British troops, as they retreated from the Battle of Lexington, were subjected to constant sniper fire. They watched in horror as their fellow soldiers were killed by the ragtag rebels hiding behind trees. Enraged, and with military discipline unraveling, took their revenge on a town called Menotomy (now Arlington). They engaged in a bloody battle which killed forty of their own men and twenty five patriots with many more wounded.  Houses were set ablaze and property taken by the retreating troops. 


A first-hand account gives us an idea:

         “What added greatly to the horror of the Scene was our passing thro the

          Bloody field at Menotomy which was strewd with the mangled Bodies. We

          met one Affectionate Father with a Cart looking for his murderd Son & picking

          up his Neighbours who had fallen in Battle, in order for their Burial.”


Ruggles Spooner, who marched to the Battle of Lexington only a few miles from Menotomy, most likely saw the dead and dying, heard the screams of anguish, helped to load the dead bodies into carts. Perhaps that experience colored how he behaved the rest of his life. I imagine that was true in varying degrees for all the Spooner Boys and their families.


And what about the women? The Spooner Boys fathered a considerable number of children. Their wives were left at home to cope while their men were away. I can’t even imagine how it felt to see your 14 year old march off to war with his father. 

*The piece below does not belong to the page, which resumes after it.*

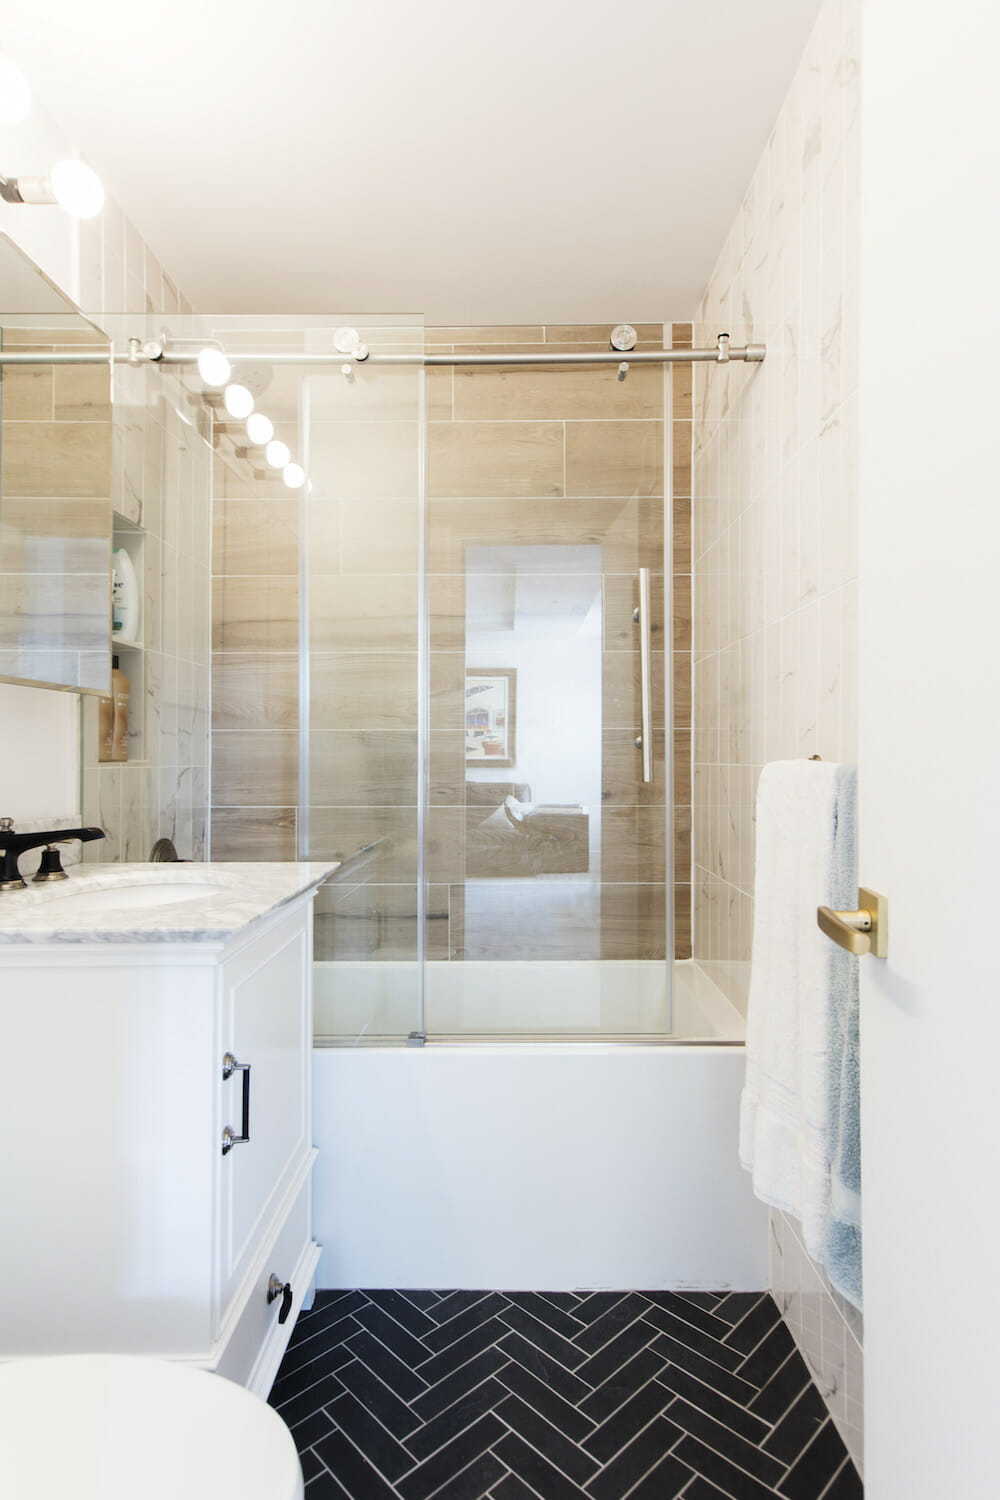 designer renovation, home renovation, bathroom renovation, black and white tile, glass shower door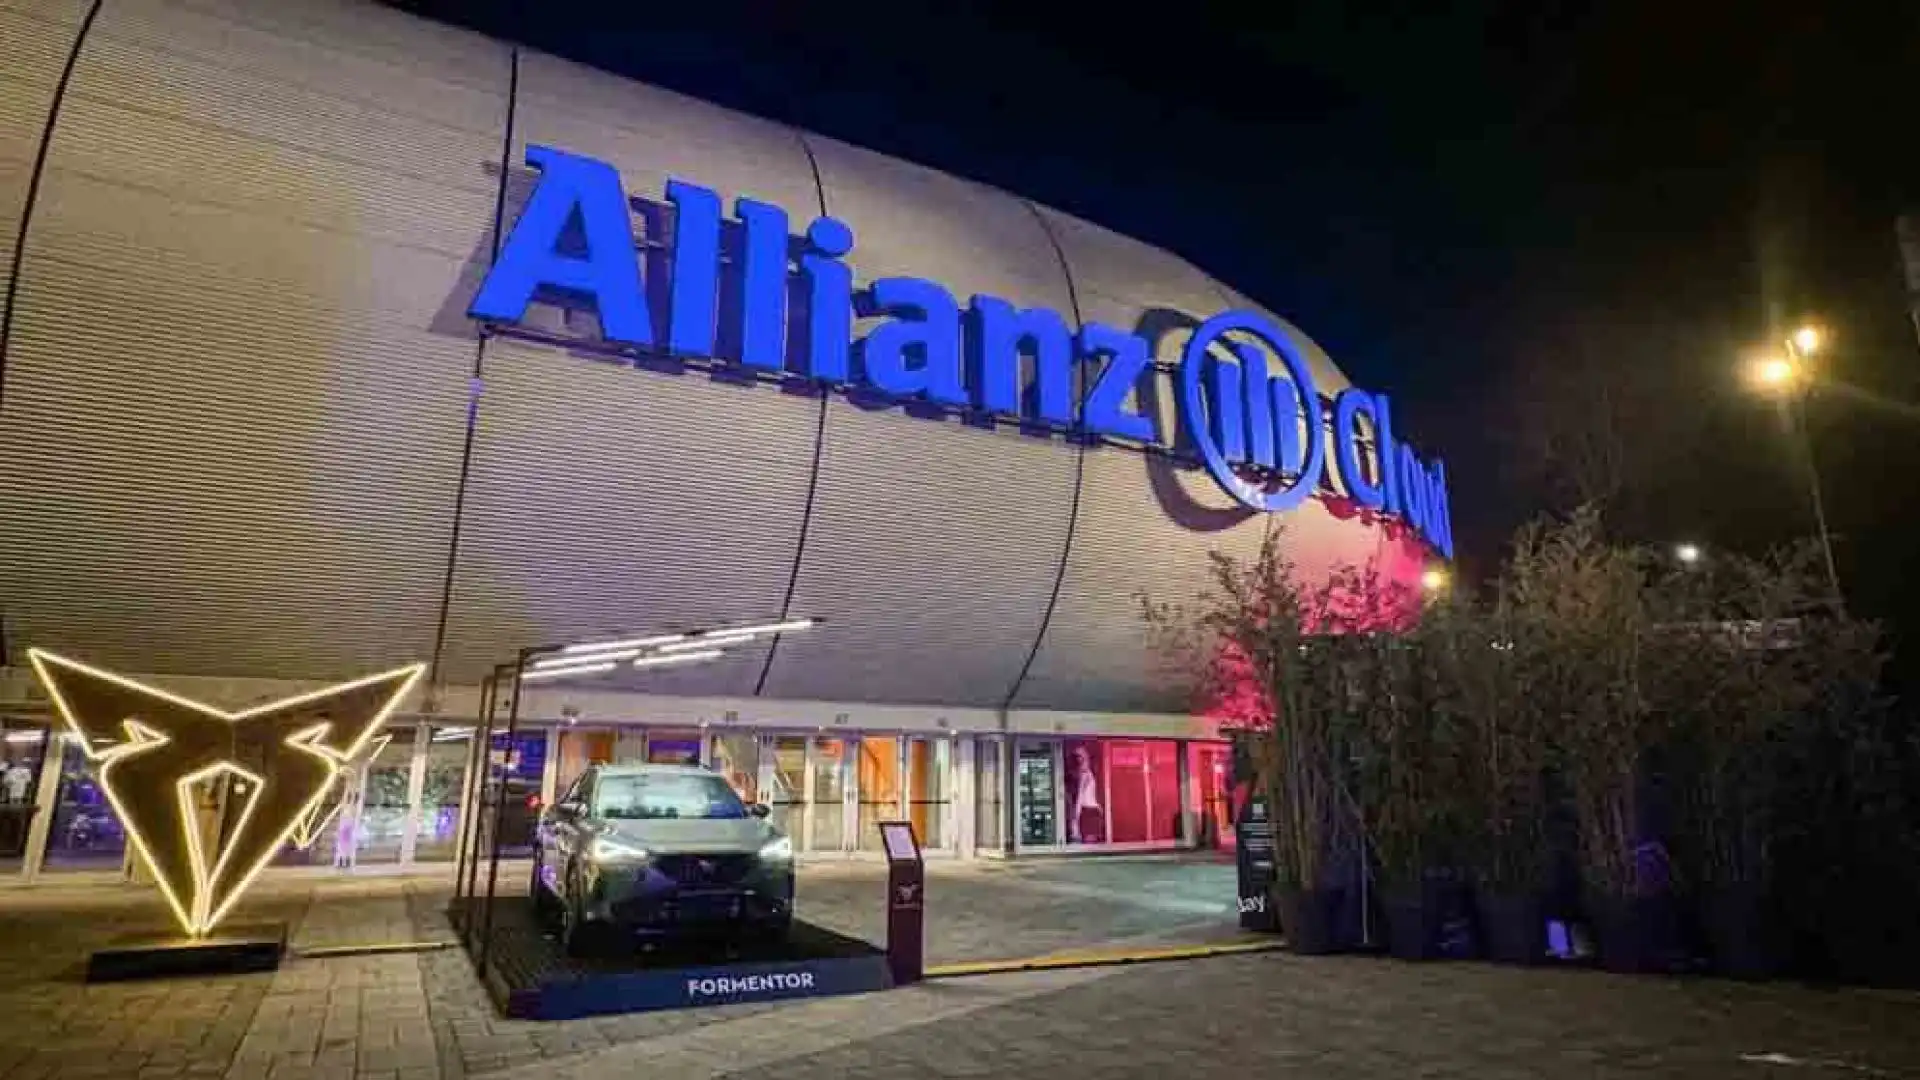 Allianz Cloud per dieci giorni dedicato tutto allo sport del momento.

Though ultimately Petersham, Massachusetts, was spared direct conflict, I’m sure the threat was always uppermost in the minds of the women left to fend as best they could.  And I’m sure their husbands and sons thought with anxiety about the welfare of those women as they went off to fight.


The Spooner Boys and their family are just one of many many Wing families who contributed to the war effort. To date we don’t know of a Wing cousin who became a great General in the War for Independence or a soldier, who against all odds, saved his regiment. What we have found are good, solid citizens who, when called to fight for their beliefs, answered that call. It meant great hardship and potential death or grievous injury.  For some it may have completely altered their life after war. But they still did their duty.  The men went to war and the women supported them in that effort.


That’s how a war is won. That is how our Wing cousins helped to win the War of Independence.